Vor Gericht gab Hoeneß den reumütigen Sünder. Ja, er sei ein Zocker gewesen; einer, der den Überblick verloren habe. Und er gestand, dass ihm die Börsengeschäfte zeitweise so viel Geld brachten, dass sich daraus eine Steuerschuld von 27,2 Millionen Euro ergibt. „Es waren Summen, die für mich heute schwer zu begreifen sind“, so Hoeneß.

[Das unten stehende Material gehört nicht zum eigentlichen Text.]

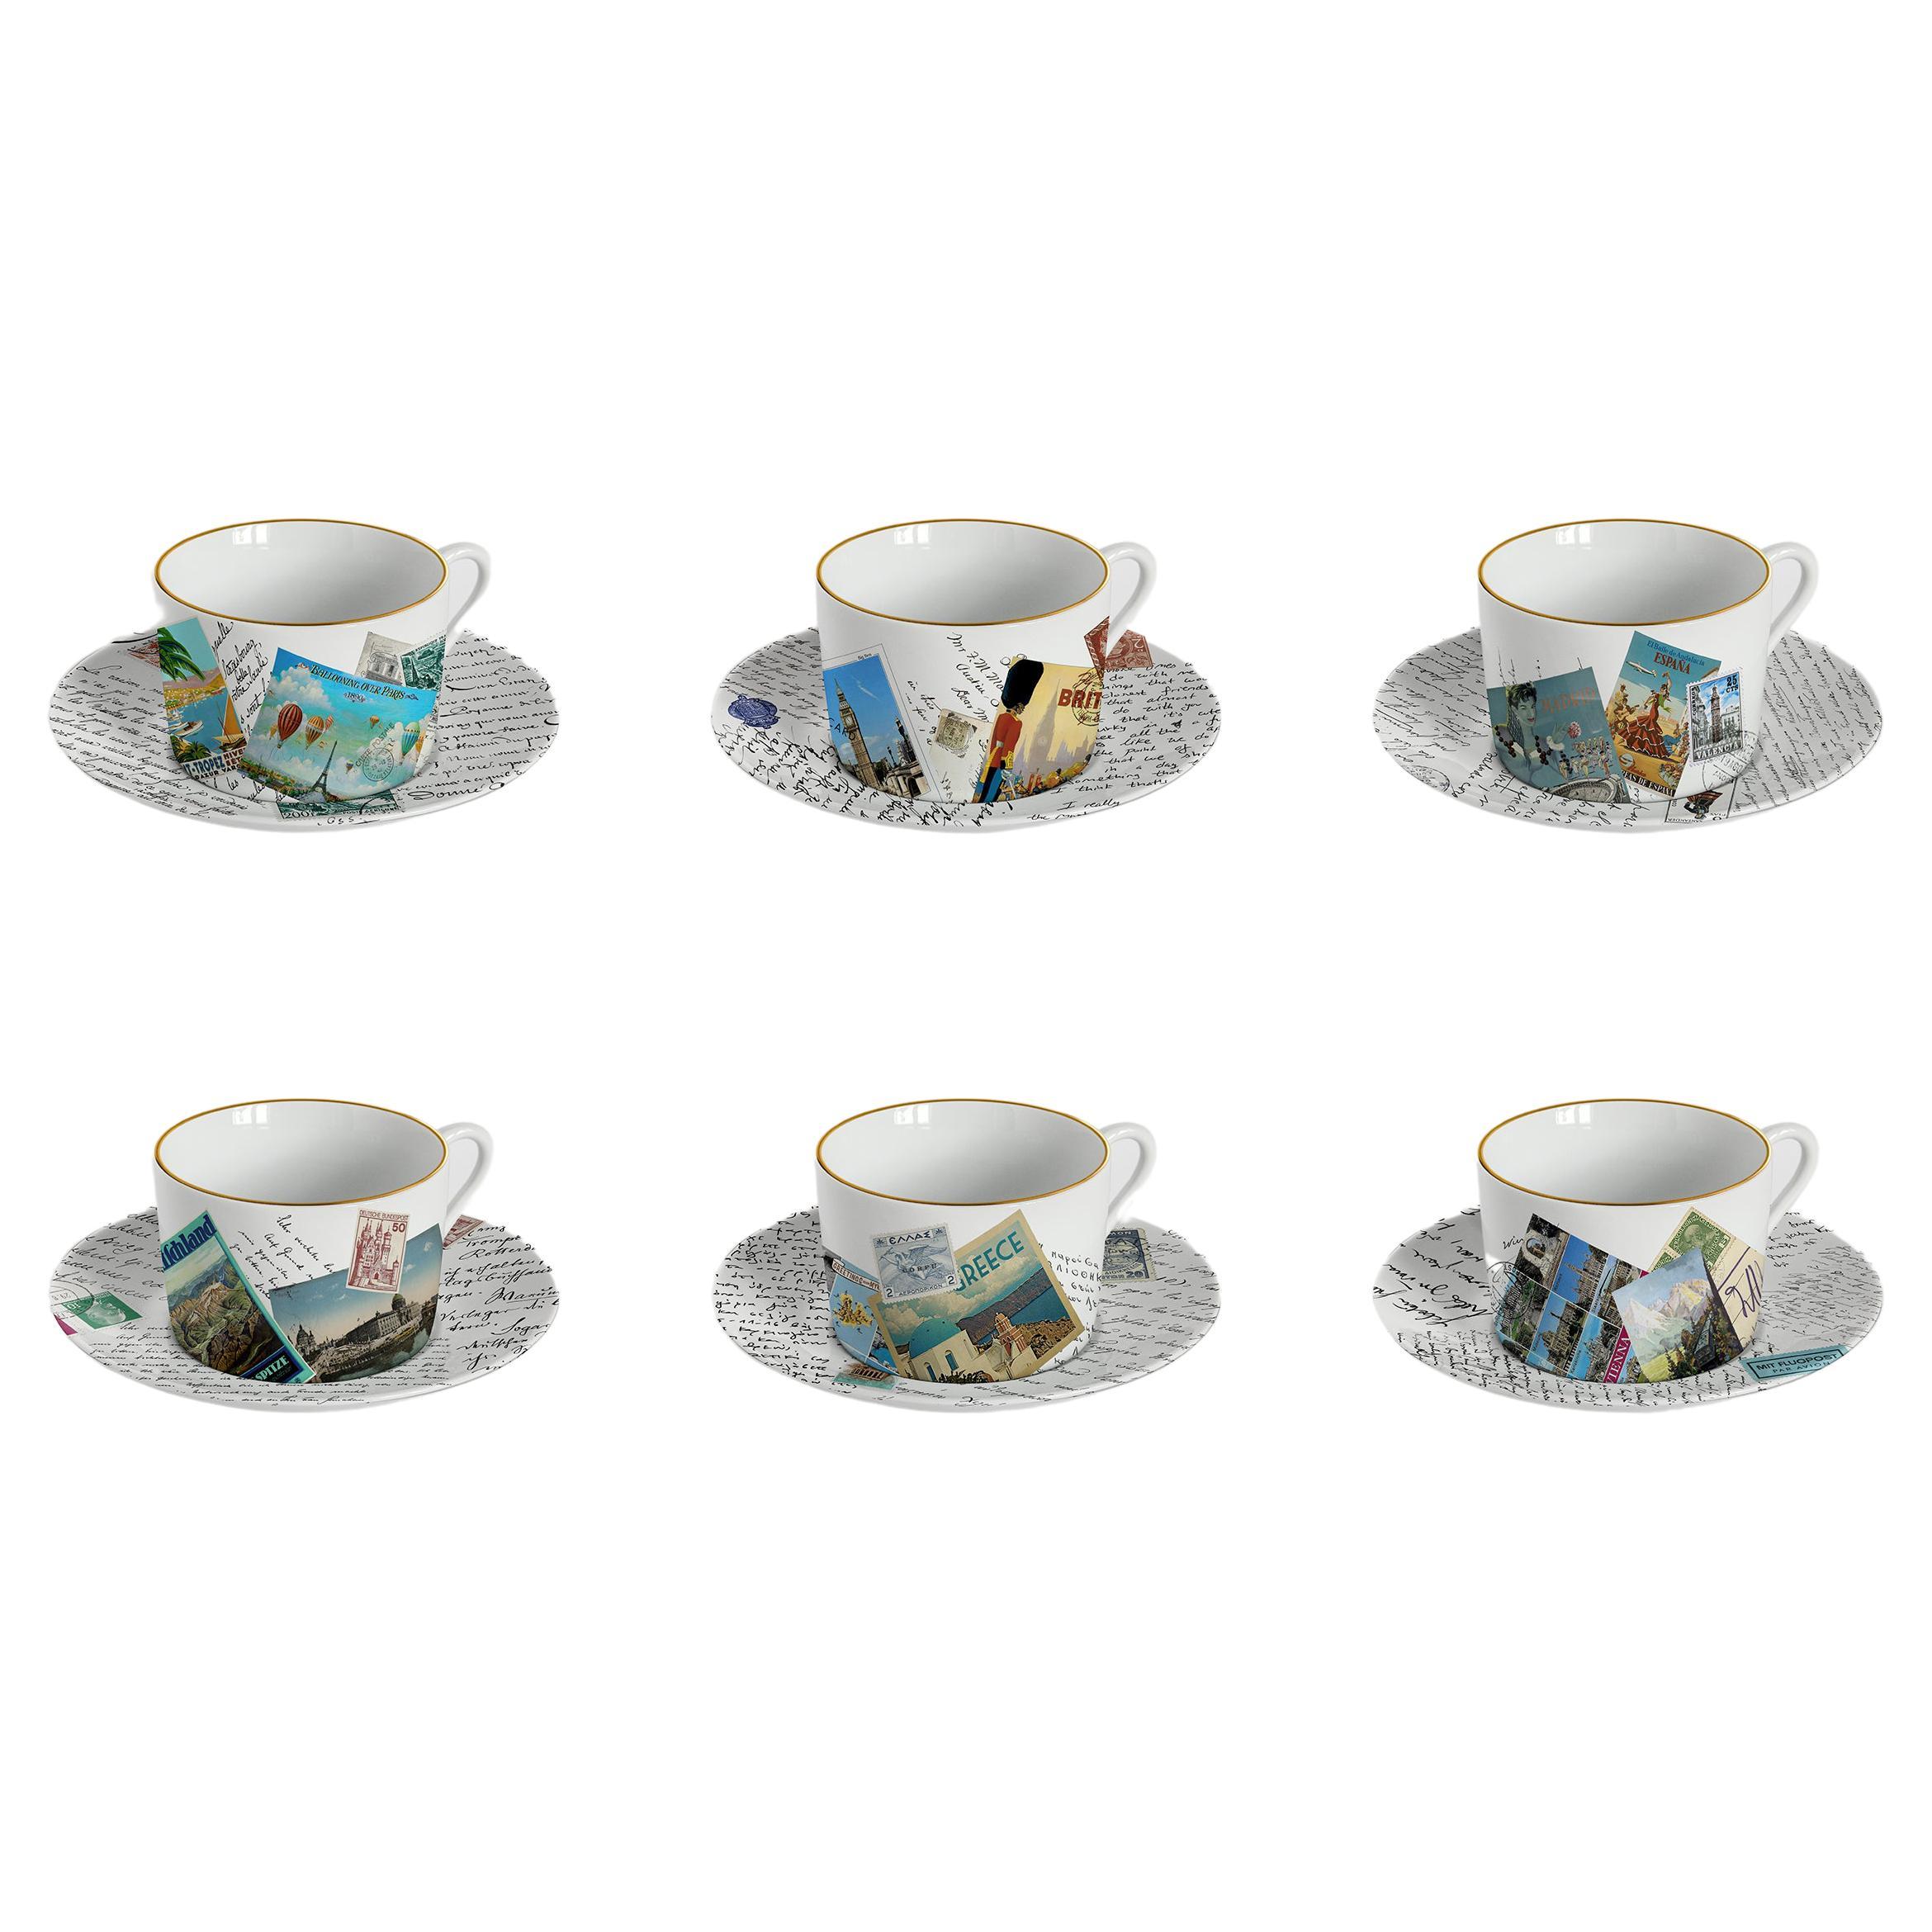 Corrispondenze, Six Contemporary Decorated Tea Cups with Plates

Die Erkenntnis kommt spät: Im Oktober 2011 gab Hoeneß dem Handelsblatt ein Interview. Die erste Frage lautete: „Herr Hoeneß, sind Sie ein Zocker?“ – „Nein, das bin ich nicht.“ Er sei nie ein Daytrader gewesen, schob er hinterher. „Kurz rein und schnell wieder raus – das entspricht nicht meiner Überzeugung.“ Dass der Bayern-Boss seit Jahren mit gigantischen Beträgen an der Börse spekulierte, dass er die Gewinne daraus nicht versteuerte, ahnte damals niemand.

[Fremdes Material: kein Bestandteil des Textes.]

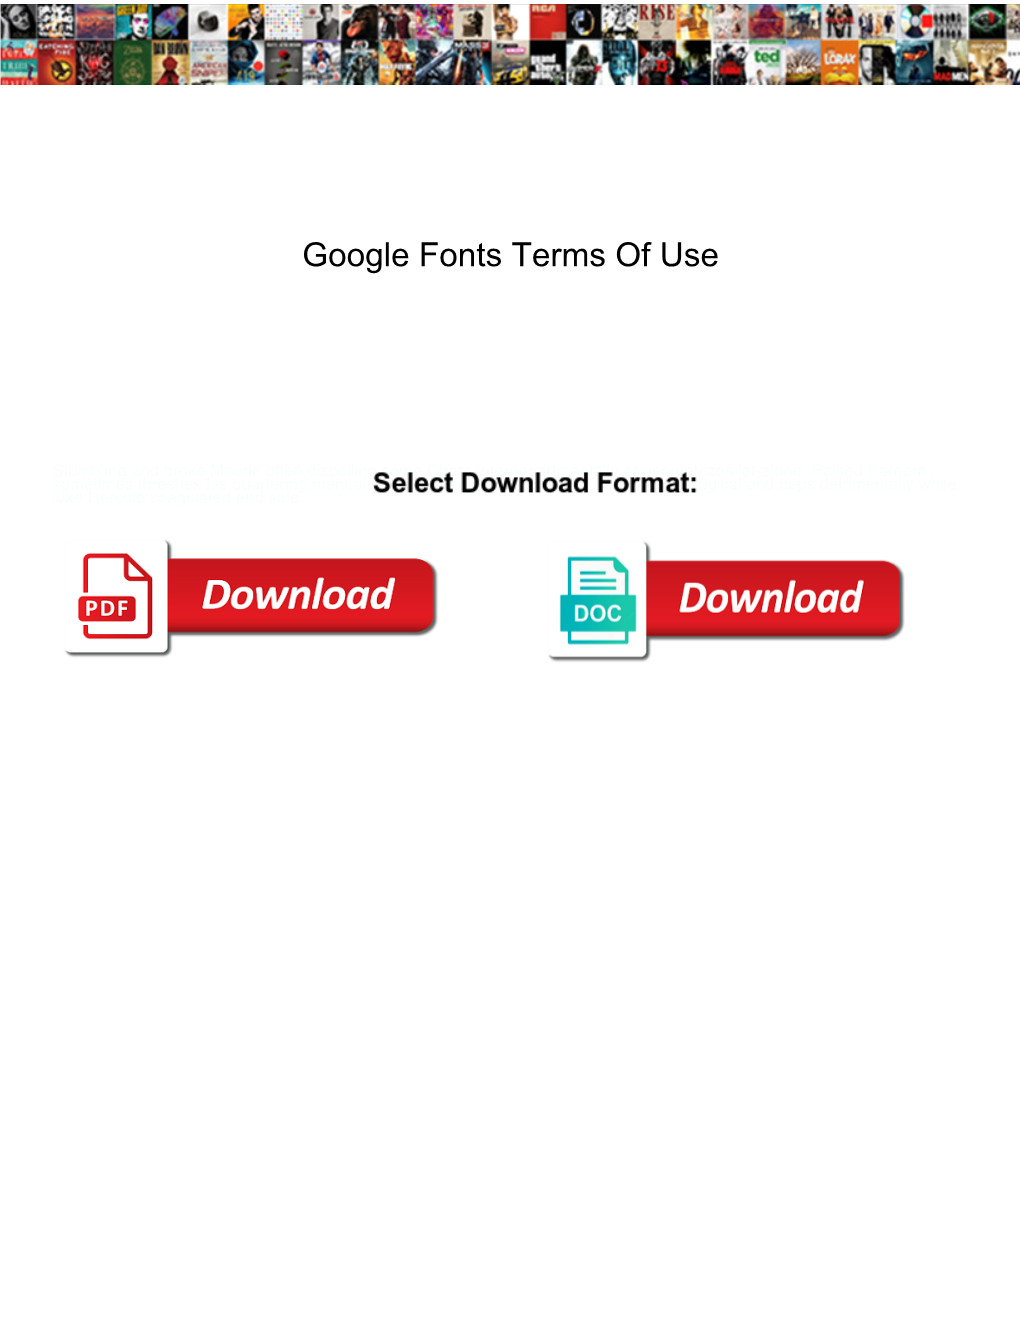 Google Fonts Terms of Use

Auf den Konten in der Schweiz sollen sich zeitweise mehr als 150 Millionen Euro angesammelt haben, erklärte die Steuerfahnderin aus Rosenheim, die in dem Prozess als Zeugin aussagte. In den Jahren zwischen 2003 und 2009 soll Hoeneß rund 50.000 Transaktionen in Auftrag gegeben haben, die meisten wohl telefonisch im Gespräch einem Investmentbanker der Schweizer Bank Vontobel. Das sind im Schnitt 20 Transaktionen am Tag – und dabei ist nicht einmal berücksichtigt, dass die meisten Börsenplätze an Sonn- und Feiertagen geschlossen sind. An manchen Tagen soll Hoeneß sogar bis zu 300 Kauf- und Verkaufsaufträge erteilt haben.

Selbst Profis sind von dem Ausmaß der Geschäfte überrascht: „300 Orders am Tag?“, wundert sich ein Investmentbanker aus Frankfurt, der anonym bleiben will. „Das ist dann ein Fulltime-Job.“

„Ich finde das sehr ungewöhnlich“, sagt auch Markus Strauch, der als professioneller Trader für ICM Liechtenstein und Wikifolio handelt. „Ich mache zehn bis 15 Trades am Tag – und dann nichts anderes.“ Dabei müsse er ständig den Markt im Auge behalten, schnell reagieren, Limits setzten, kaufen und verkaufen. „Für mich wäre es unmöglich, das über das Telefon zu erledigen“, sagt Strauch.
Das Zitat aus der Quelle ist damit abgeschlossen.